За эти двое суток он пережил больше, чем за предыдущие тридцать лет благополучной жизни. В прошлой жизни почти ничего не менялось с годами, все шло по накатанной, проторенной для всех, колее. Окончил школу, ничем не выделяясь среди сверстников, затем институт. По протекции удалось устроиться в областную больницу. Женился, развелся, защитил кандидатскую диссертацию. Годы проходили один за другим, одинаковые, словно доски в заборе. В последний же месяц события неожиданно понеслись обезумевшим гепардом, из ниоткуда возникла рукопись, рухнул, казалось незыблемый, уклад жизни. А за эти два дня пришлось научиться спать сидя, в неудобном кресле зала ожидания, питаться пирожками неизвестно с чьим мясом, скрываться от подозрительных сотрудников милиции, что особенно озверели после недавних взрывов в Москве. Николай оброс щетиной, был неопрятен.
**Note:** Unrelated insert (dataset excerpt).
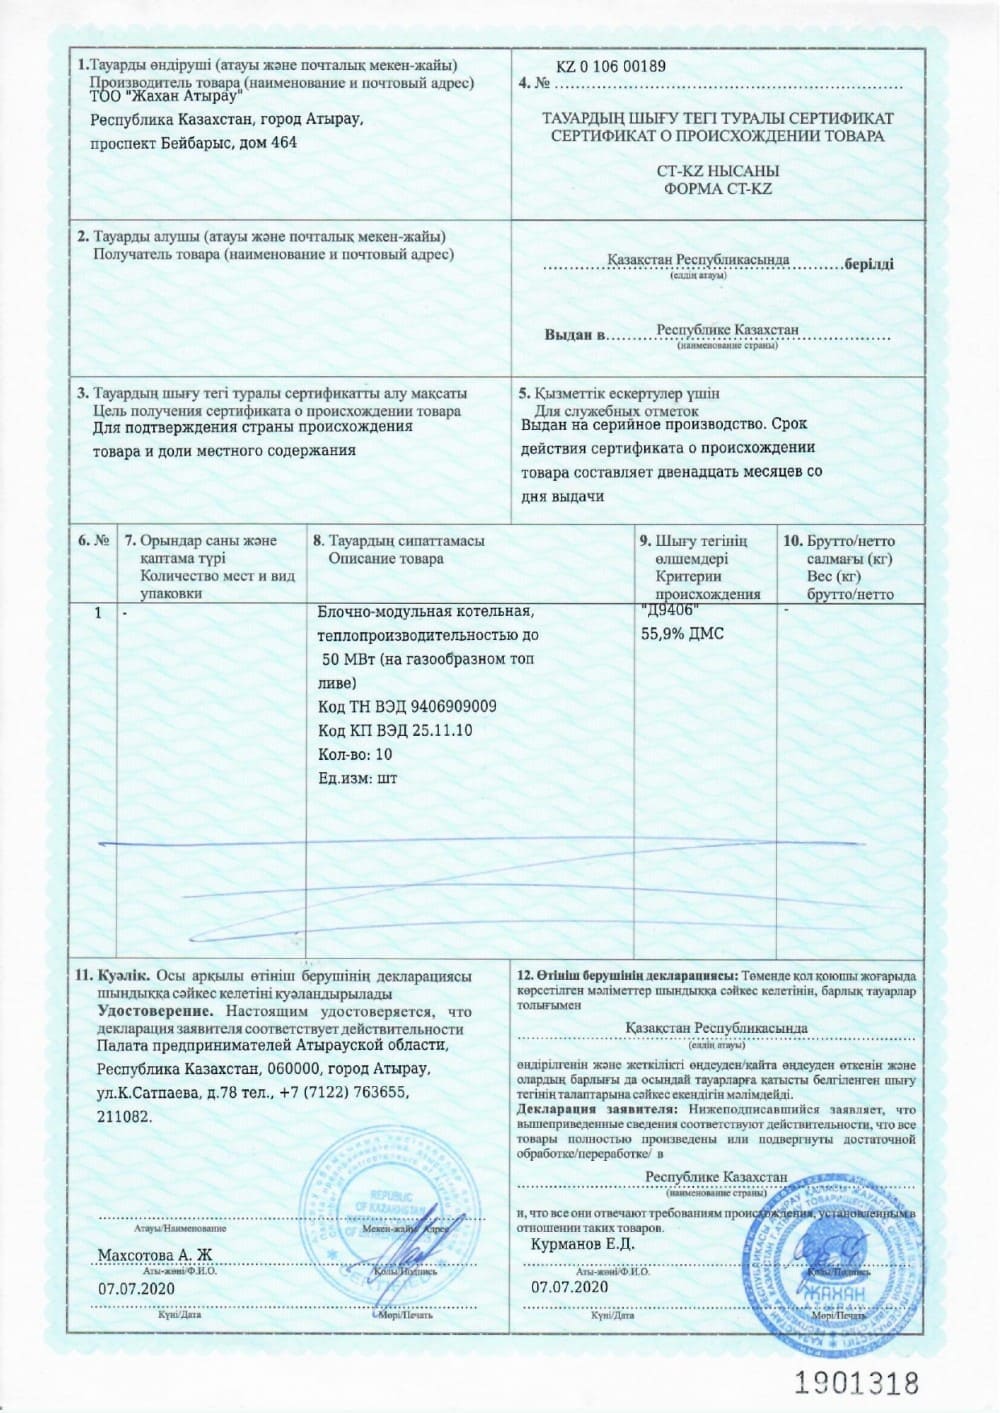 сертификат о происхождения товаров

Один раз его даже приняли за бомжа, но денежная купюра, хрустнув в мощной длани служителя порядка, помогла избежать знакомства с местным «обезьянником». Способности внечувственного восприятия за эти дни обострились чрезвычайно, в ауре он теперь различал такие подробности, что с одного взгляда мог определить, чем человек болеет сейчас, чем болел недавно и чем будет болеть, увидеть настроение и общее самочувствие. Настроение находящихся рядом он не просто видел, а ощущал, как говорится, собственной шкурой. Когда соседом по залу ожидания оказался желчный старик, то в бок словно воткнули тысячи маленьких иголочек, а когда в электричке на сиденья напротив уселась влюбленная парочка, то сладковатый привкус появился даже во рту, а кожа на лице стала липкой и противной. Николай попытался носовым платком стереть липкую гадость, но не получалось, пока долговязая девица с прыщавым кавалером не покинули вагон.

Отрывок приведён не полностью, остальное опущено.